Среди этой мертвечины я не нашел ничего живого, даже вода не била в фонтанчиках для питья. Но, выбравшись из хаоса бывшей ярмарки, я увидел дощатую будочку с яркой вывеской. На ней стояло только два слова: «Фрау Лизелотта». В окне видна была пышная дама, которая стреляла подкрашенными глазами вправо и влево, а тем временем, не глядя, что-то перебирала на столе перед собой. Я заинтересовался: не билеты ли она продает? И куда?
Но, приблизившись, был поражен донельзя: дама оказалась восковой, с заводом, видимо, довольно длительного действия, потому что никого поблизости уже не было, а пока я стоял, она ворочала глазами еще минуты три. А потом я вычитал из инструкции на стене будки, что надо бросить в щелочку десять пфеннигов, что я и сделал, и Лизелотта снова начала стрелять глазами.

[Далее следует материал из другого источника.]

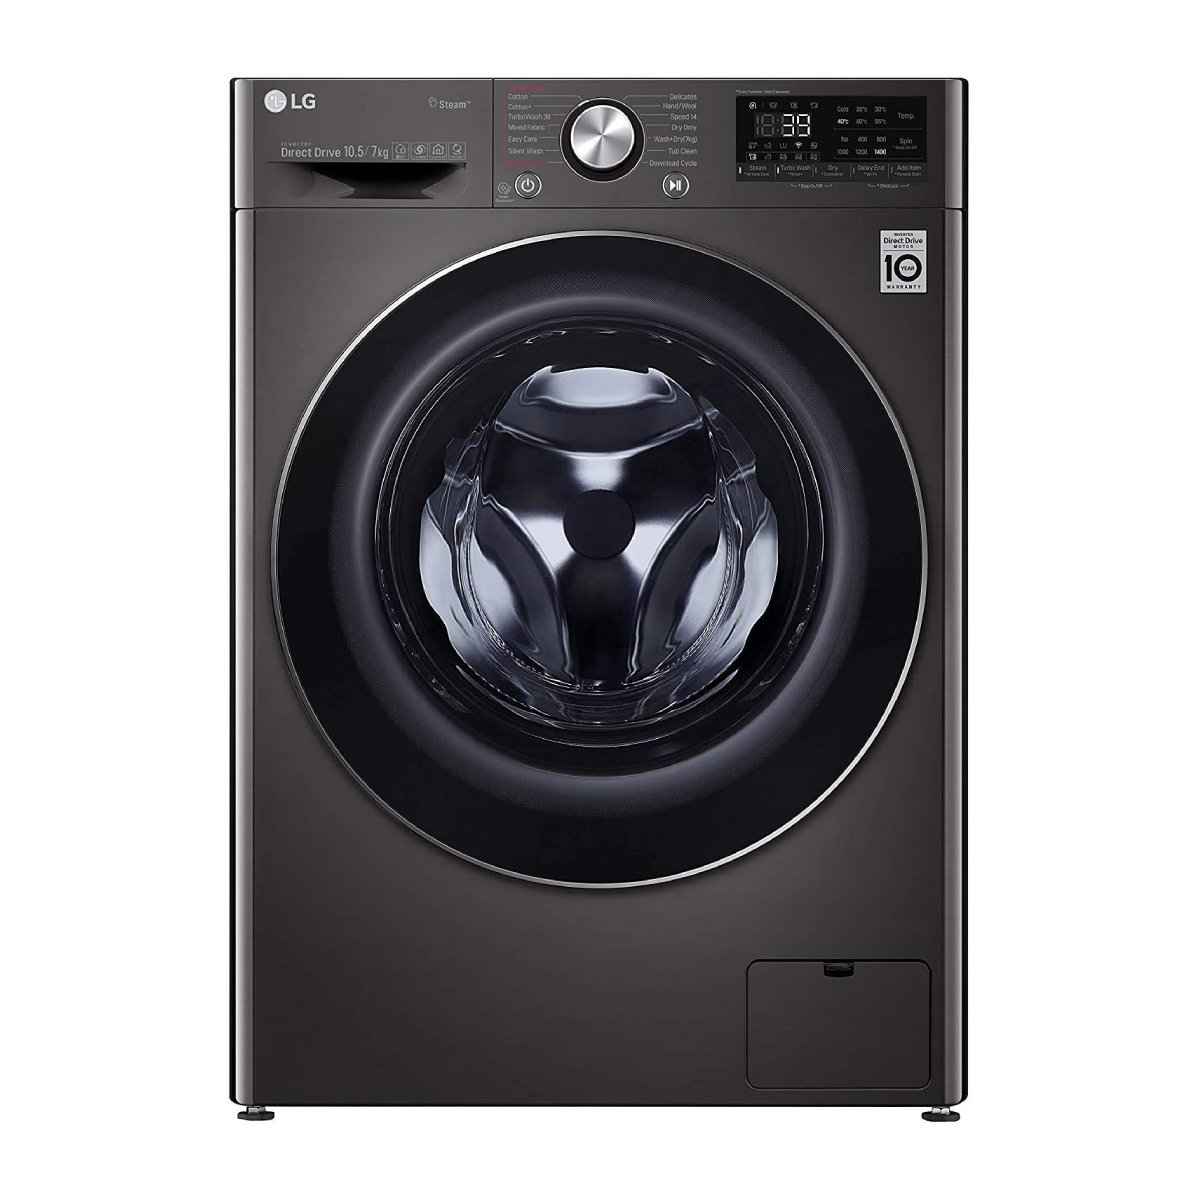 LG 10.5 Kg / 7.0 Kg Inverter Wi-Fi Washer Dryer (FHD1057STB)
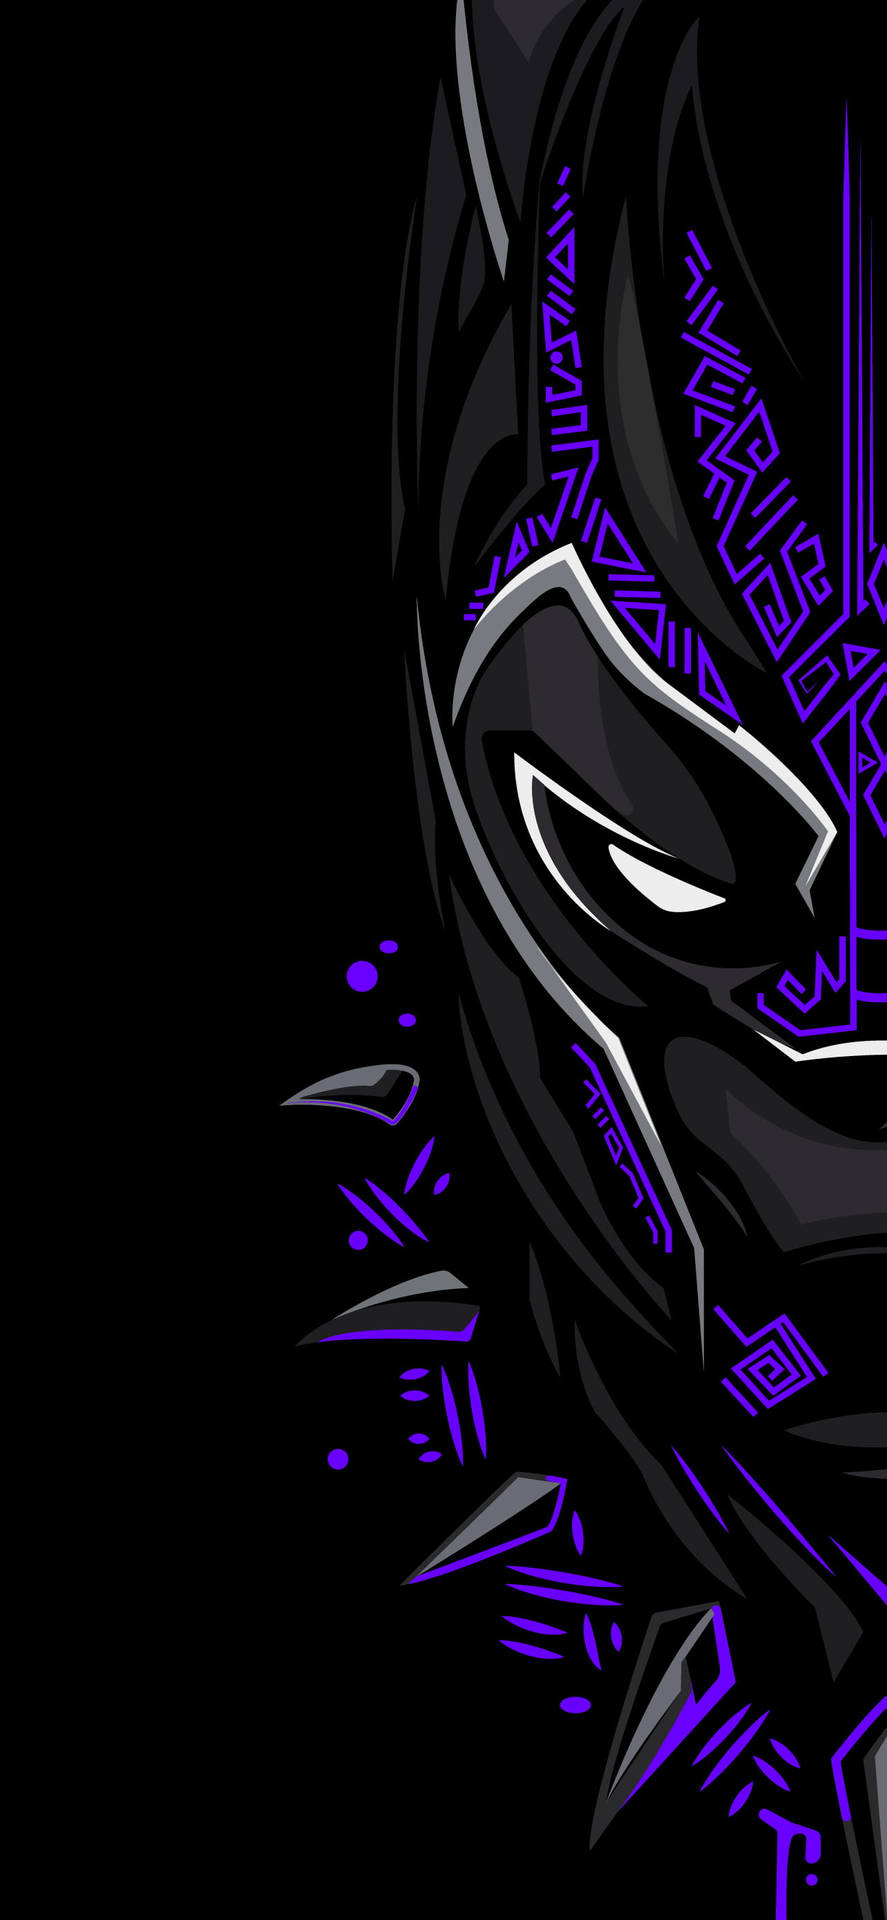 Sick Phone Black Panther Face Wallpaper

Это было не главное ее занятие: она оказалась гадалкой. Так как щелок было две — «для дам» и «для мужчин», Лизелотта выбрасывала за те же десять пфеннигов свои пророчества мужчинам — насчет успехов по службе, коммерческих дел и карточных выигрышей; женщинам — про любовные дела и детей. Я просадил на нее тридцать пфеннигов, из любопытства бросив монету даже в щелку «для дам». Мне выпала «нечаянная измена мужа» и примирение с ним. А с «мужской» стороны я получил перспективу «расширения своего предприятия» и «крупный выигрыш на скачках».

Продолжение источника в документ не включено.